Bin wirklich sehr zufrieden mit dem Set (Jedenfalls soweit ich es beurteilen kann)

Thomas


----------



## Roelof (6. März 2015)

Hat jemand gute Kontakte zu C'dale?? Im Street 24 Boys sind die Alex Ace 20 - Dinger verbaut - die, die man sonst angeblich nirgends mehr bekommt. Verbaut sind allerdings wieder nur als Disc-Felgen. 
Im Ami-Ebay waren auch welche drinnen, lohnt aber wohl wegen Versand und Märchensteuer nicht.


----------



## Roelof (6. März 2015)

Oder du verwirfst doch die Felgenbremse und die Budgetpläne: Dann wirst du im Sortiment von NoTubes fündig...


----------



## Hotschy681 (6. März 2015)

Nö, ich verwerfe nicht. Zumal die NoTubes Felgen schon recht kostenintensiv sind...
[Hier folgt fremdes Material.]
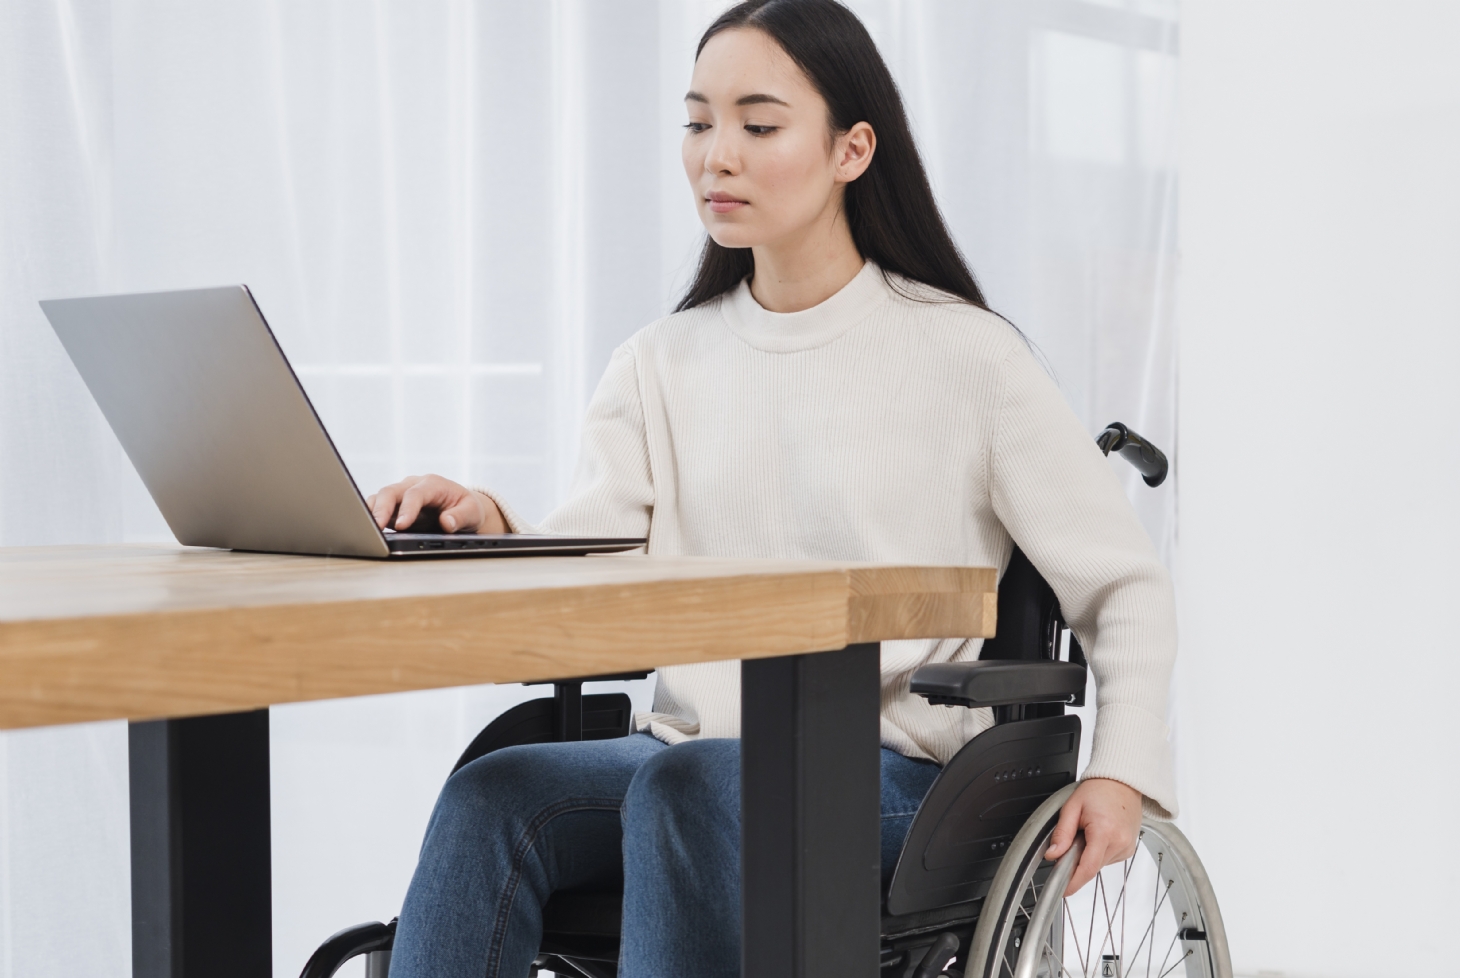 Cursos de inclusão digital abrem inscrições para pessoas com deficiências | Jornal da Orla

Wie schon weiter oben beschrieben, werde ich wahrscheinlich den LRS von Kaniabikes nehmen. Der ist sehr leicht und dafür auch seinen Preis wert. Außerdem spar ich mir dann das Einspeichen


----------



## Roelof (6. März 2015)

24 Zoll ist Felgen- und Gabeltechnisch die blödeste Größe für Kinderbiketeile. Bin schon auf das Endergebnis gespannt.


----------



## MTB-News.de




----------



## Hotschy681 (6. März 2015)

Ich auch, dauert aber noch ne Weile. Rahmen wird auch Kania, Orange. Dazu blaue nukeproof stütze und Lenkrad... Weiter bin ich noch ni.


----------



## Matt1982 (23. März 2015)

Roelof schrieb:


> Hat jemand gute Kontakte zu C'dale?? Im Street 24 Boys sind die Alex Ace 20 - Dinger verbaut - die, die man sonst angeblich nirgends mehr bekommt. Verbaut sind allerdings wieder nur als Disc-Felgen.
> Im Ami-Ebay waren auch welche drinnen, lohnt aber wohl wegen Versand und Märchensteuer nicht.



Kannman die nicht beim C'Dale Dealer als ersatz bestellen?Ist man halt unglücklich mit dem Auto drüber gefahren.

Edit:
Also in den USA bekommt man die Alex Ace 20 noch, eventuell kann man Sie auch noch beim EU Importer bestellen.


----------



## knutbuengen (2. August 2015)

falls das Thema noch aktuell ist und doch Disc Brakes in Frage kommen: ich hätte einen kompletten LRS mit Kinetik pro-Felgen (passen mit Rocket Rons 2,1). Fertig eingereicht mit Tune Prince und Princess-Naben. Bei Interesse bitte Nachricht. Grüsse, Knut


----------



## hirslferdl (19. August 2015)

Stans Notubes ZTR Crest 24''
http://www.notubes.com/ZTR-Crest-24-28-Hole-Black-P1445.aspx

Size 24" x 24.4mm
Color Black
Hole # 32, 28, 24
Brakes Disc
Weight 310g
ISO 507 x 21
ERD 488
Tape Width 21 or 25mm 

Der Preis ist zwar mit c.a. $85 happig, aber meiner Meinung dennoch preiswert.


----------